- Given data -
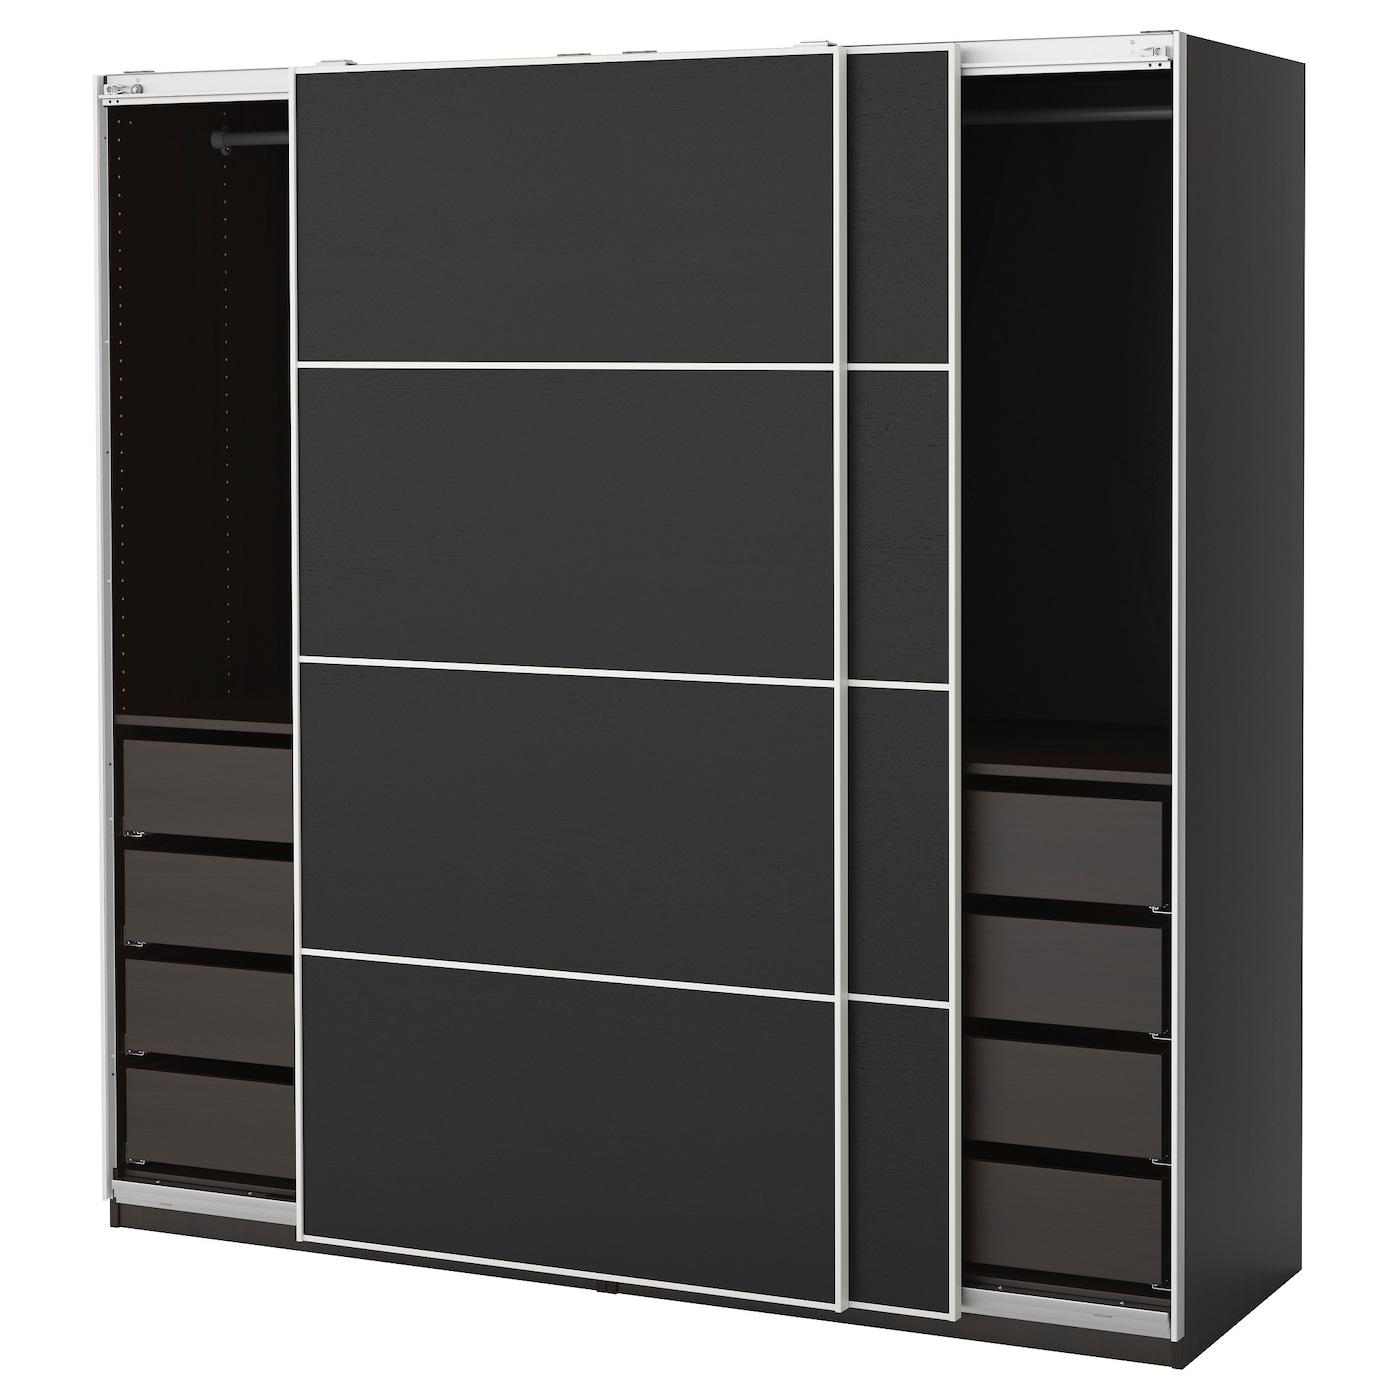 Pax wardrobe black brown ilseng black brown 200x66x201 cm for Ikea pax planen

--

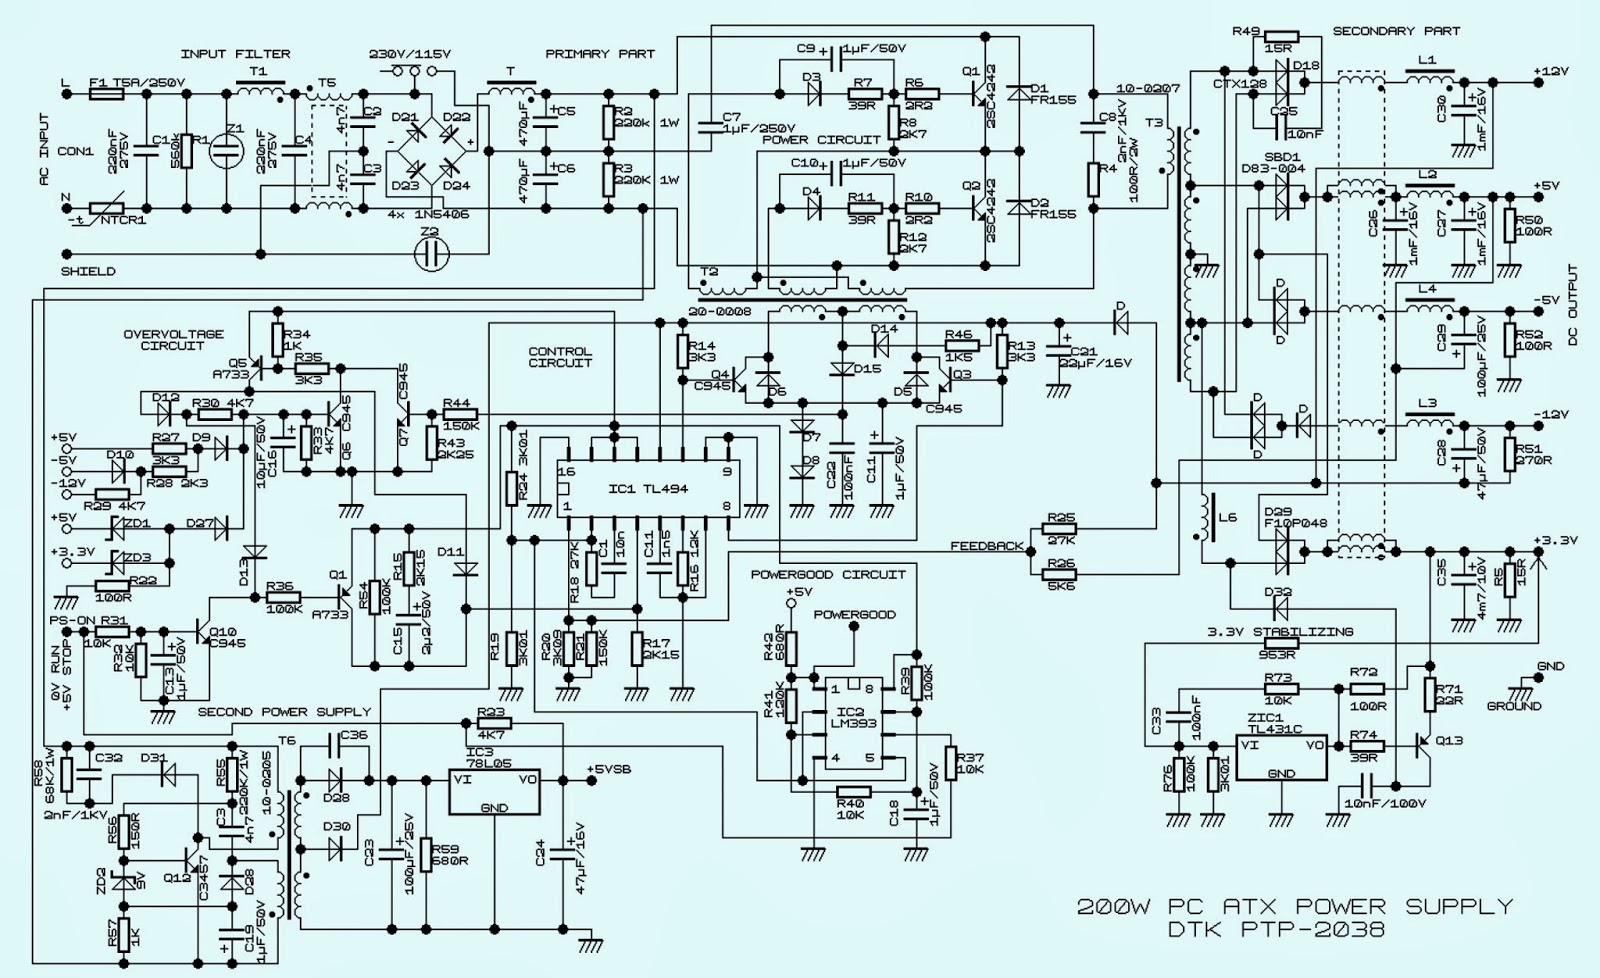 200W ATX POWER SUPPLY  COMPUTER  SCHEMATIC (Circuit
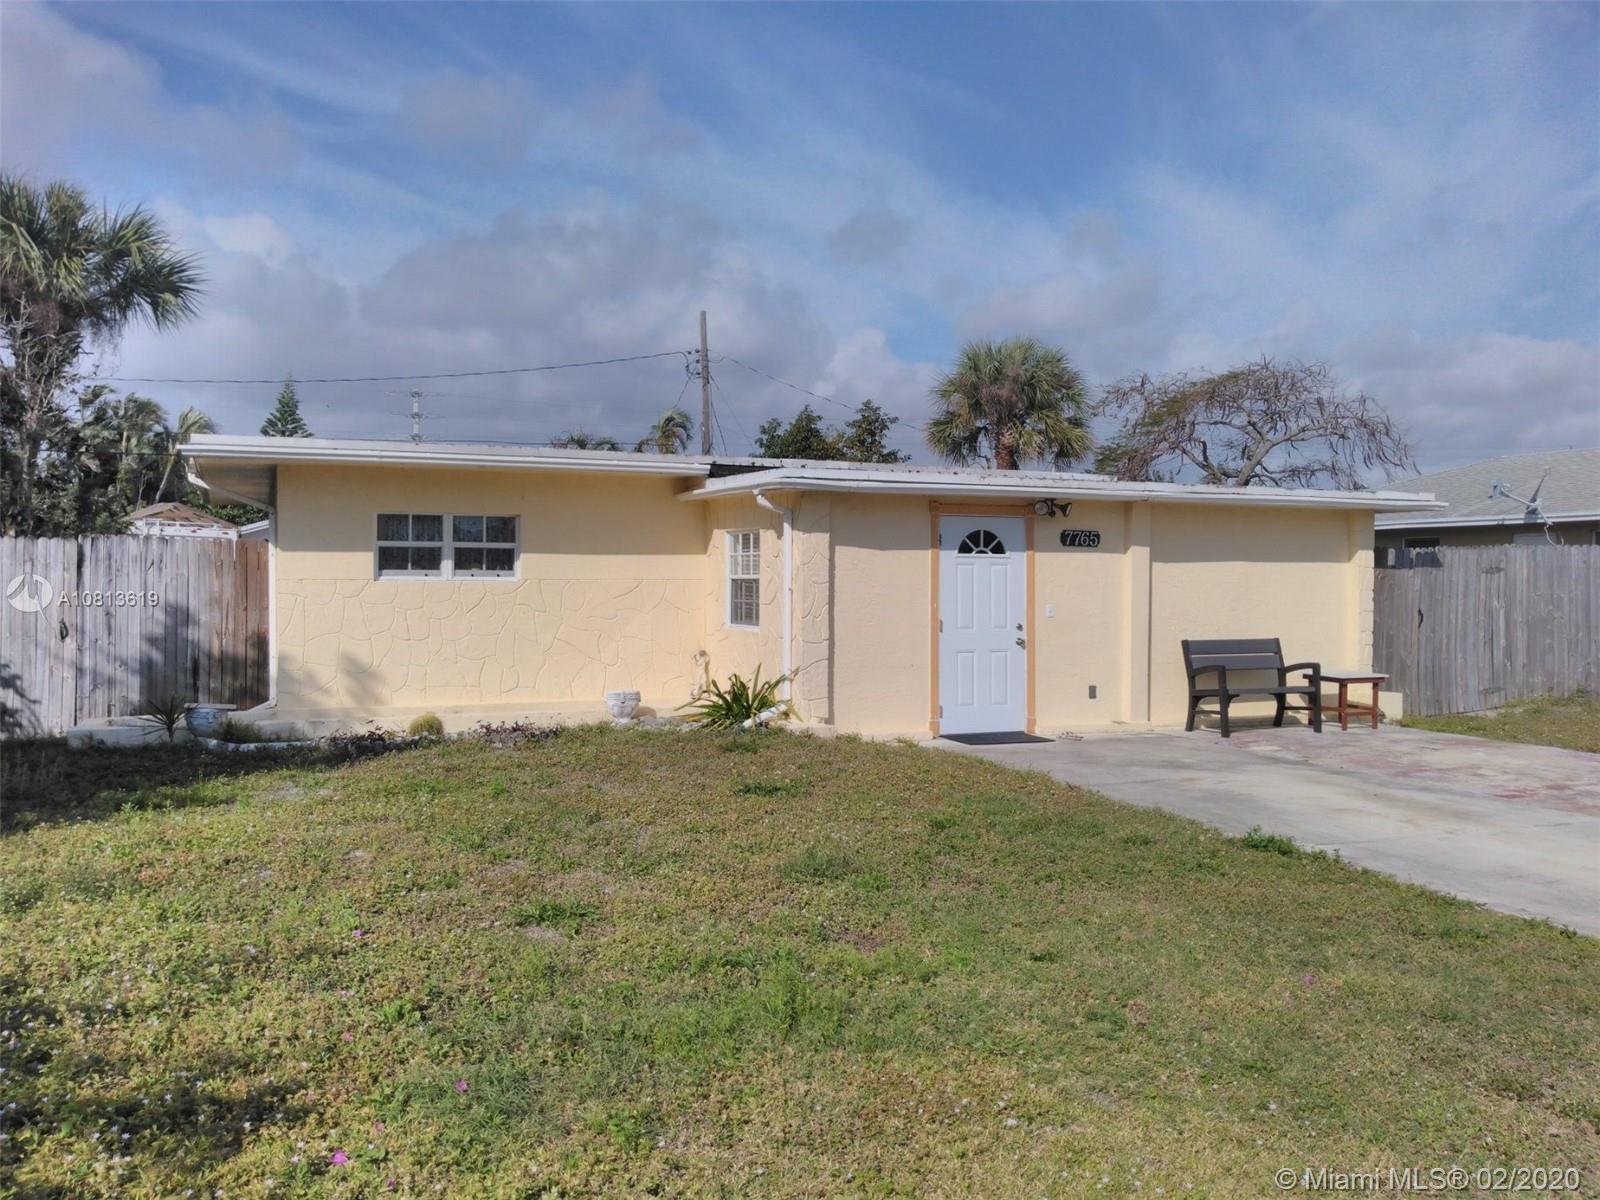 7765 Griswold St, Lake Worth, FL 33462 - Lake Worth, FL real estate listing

---

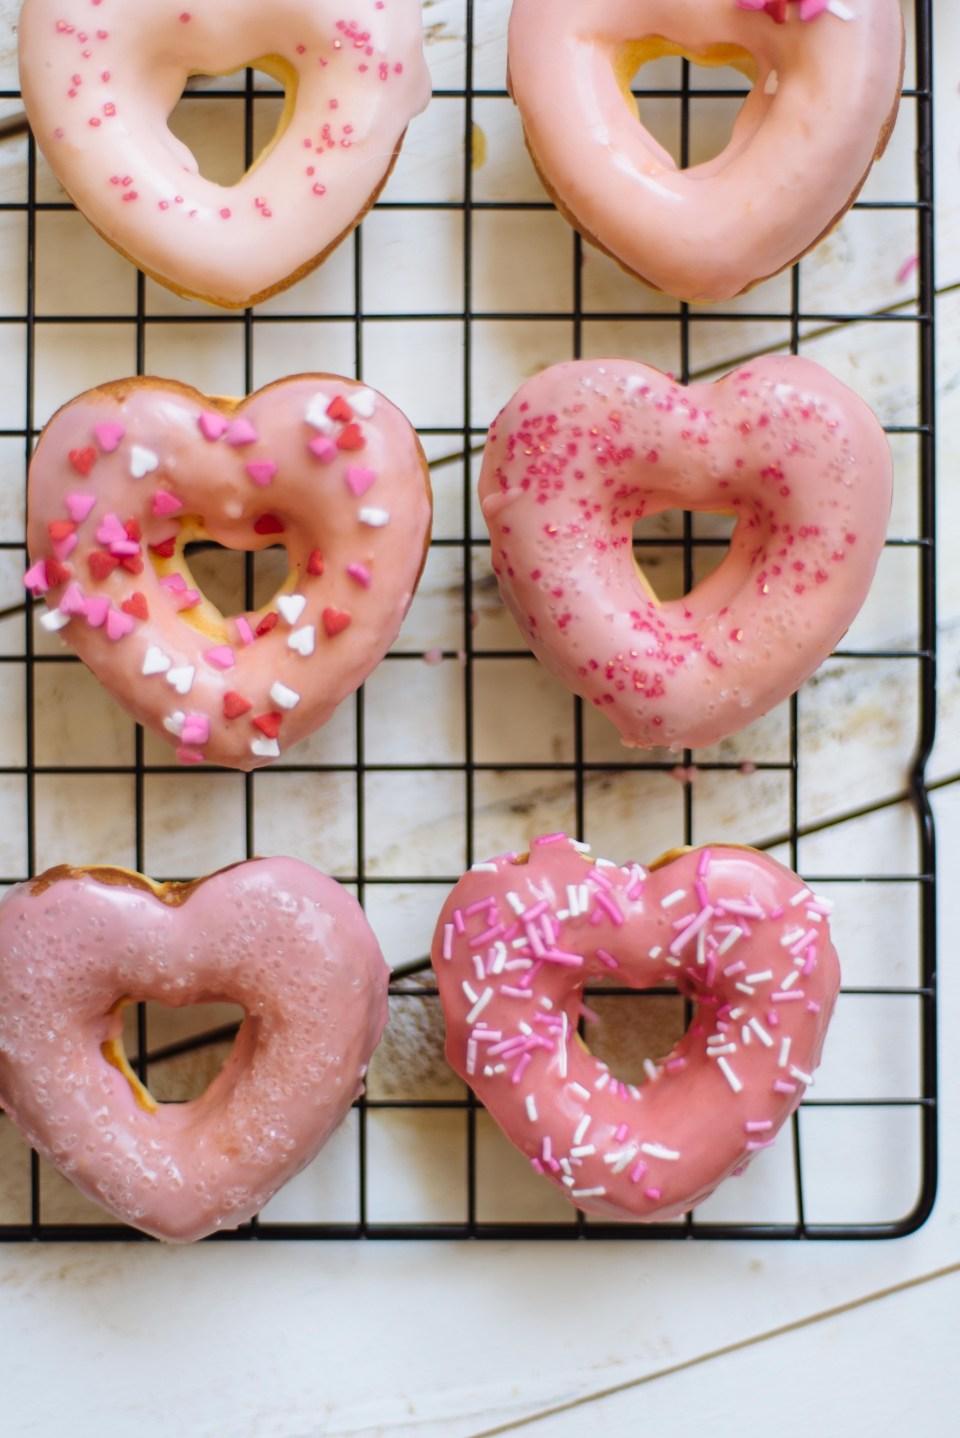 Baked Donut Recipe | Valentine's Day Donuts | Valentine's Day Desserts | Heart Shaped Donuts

- Work to complete -
Repeat exactly the lines above, from the line that contains "200W ATX POWER" down through the line that contains "7765 Griswold St, Lake". Include both of those lines and none of the pictures.

- Finished exercise -
 200W ATX POWER SUPPLY  COMPUTER  SCHEMATIC (Circuit
 7765 Griswold St, Lake Worth, FL 33462 - Lake Worth, FL real estate listing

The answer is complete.